2. Avoid fitting requirements to a set architecture in mind

3. Keep it simple, stupid! Remember to look at the big picture and avoid too many hacks when solving.

4. Have justifications for the points you make. Don’t use buzz words or half hearted thoughts in your design.

5. Be aware of the current solutions and tech practices. A lot of solutions can be purchased off the shelf which simplify implementation. You should be able to argue for a custom implementation with it’s pros and cons.

Have these on the back of your mind during you interview, and all the best!
Here are three major points evaluated during the interview:
1. Clarity of Thought

a. Express your thoughts in a clear manner.

b. Justify your decisions. Critical reasoning and argument are key to a successful software design.

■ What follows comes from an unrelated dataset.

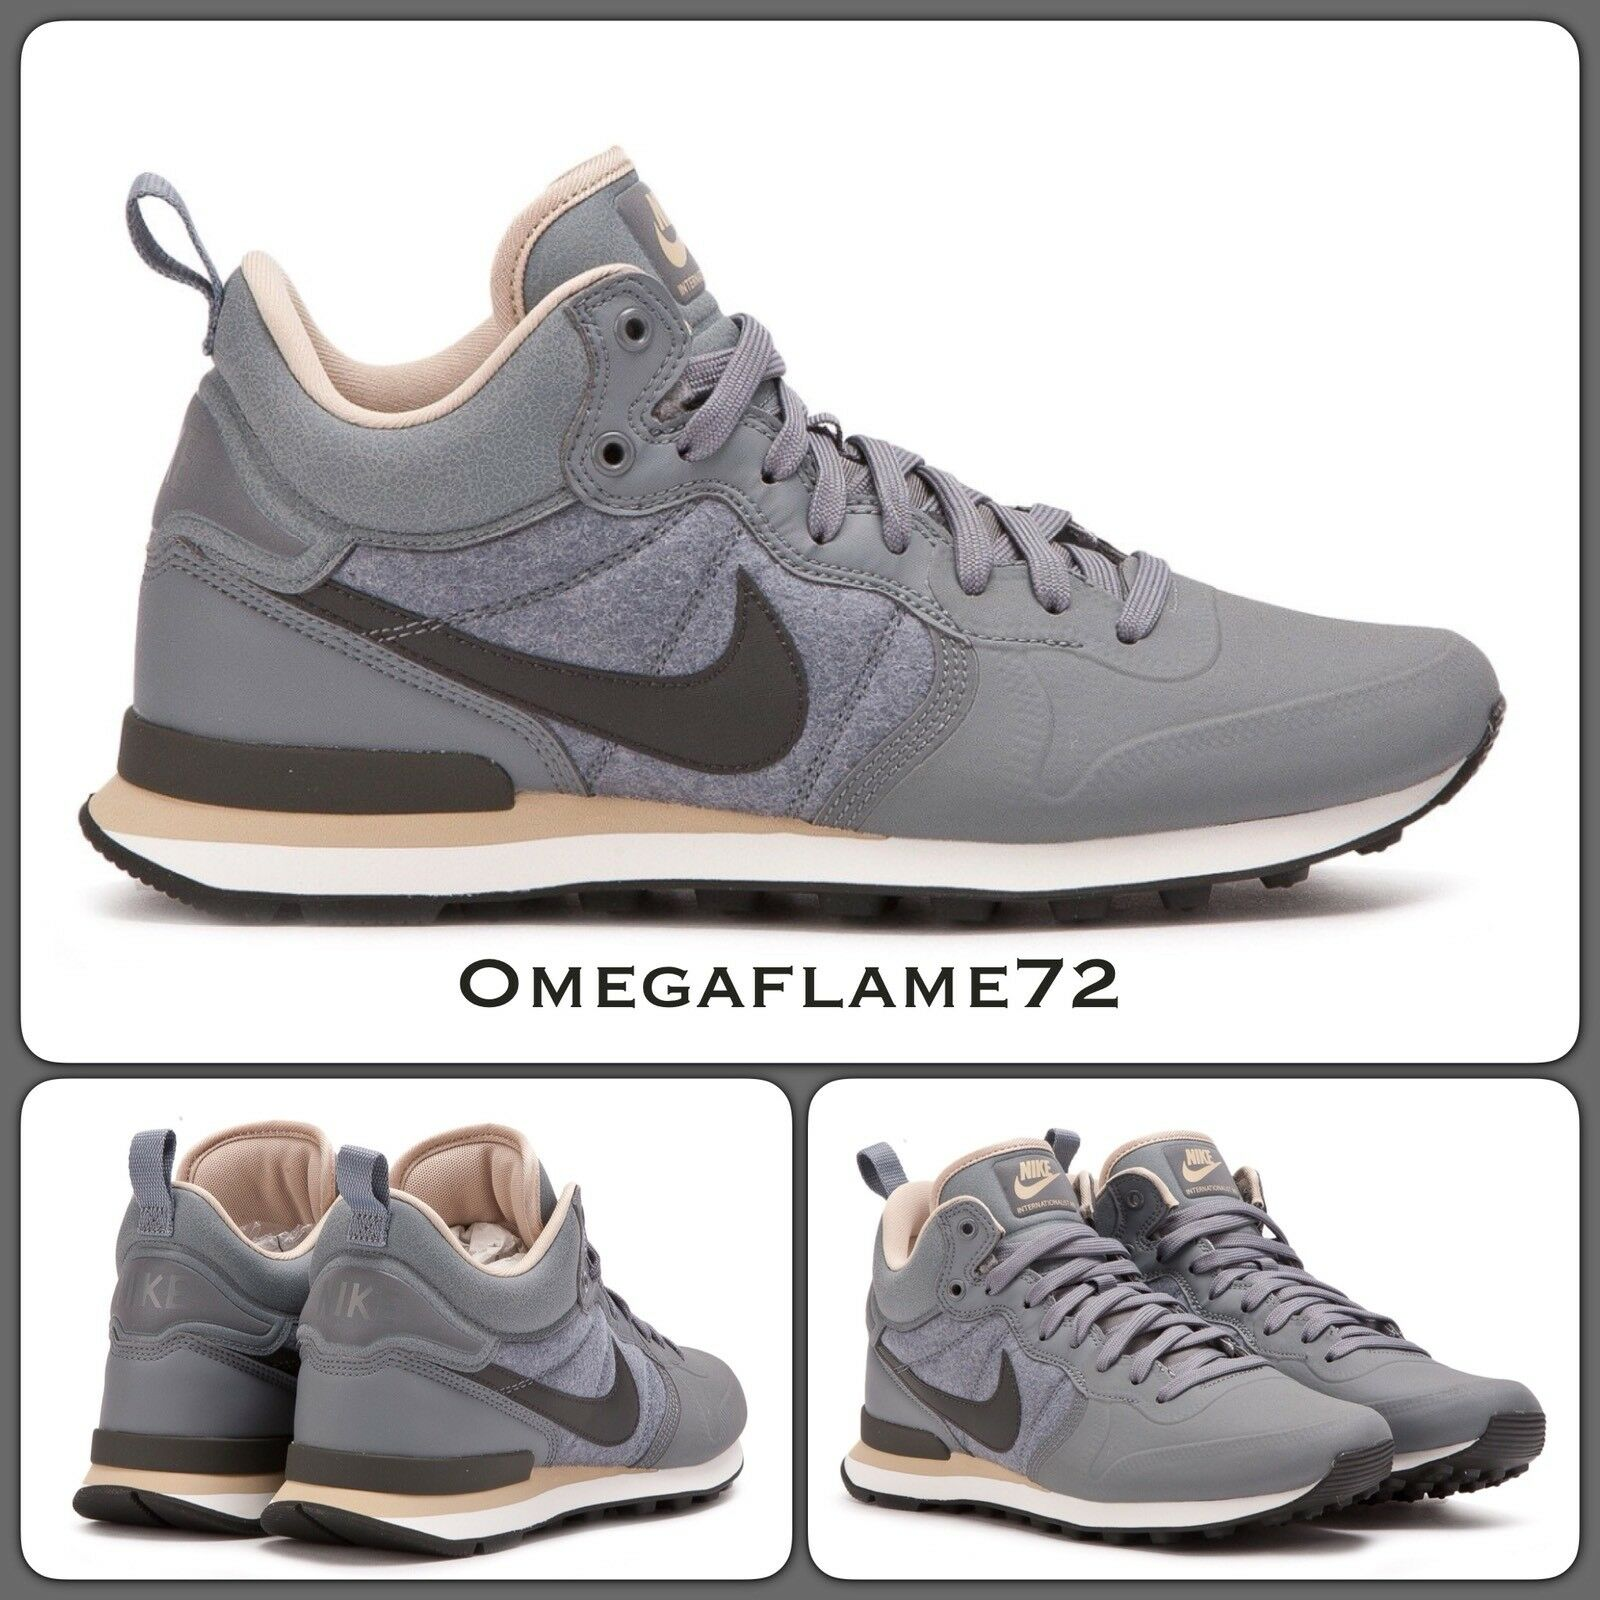 Nike Internazionalista Utility scarpe da ginnastica avvio 857937-003, Tg. UE 42, US 8.5   Varietà Grande    Sig/Sig Ra Scarpa

c. When faced with a problem, use standard approaches to mitigate it. For example, say you are faced with an availability problem. State that replication and partitioning help increase availability in general, and move on to offer a solution.

d. Don’t make points without thinking them through. Half-hearted attempts at solving problems are frowned upon heavily.

2. Know about existing solutions

a. Stay up to date with the current solutions in the market. This includes products and design practices. If NoSQL is being adopted left right and center, you need to be aware of it.

b. Know when to pick a solution vs. building something custom. If you name a product, you should be (generally) aware of the features it provides.

c. Design practices enable you to meet custom requirements. Examples are decoupling systems, load balancing, sticky sessions, etc…

3. Flexibility

a. Switch your targets as the requirements shift. If the interviewer wants to know about one particular part of the system, do it first.

b. Never have a set architecture in mind. We all try to fit requirements to a system, but only after it has been shaped by the initial ones. A rigid attitude creates a brittle architecture. It will break before you do.

c. Take a step back at times to make adjustments to the general architecture. Being focused on one part can narrow our vision and bloat those areas. There will be components which can be extracted out and extended to the rest of the system.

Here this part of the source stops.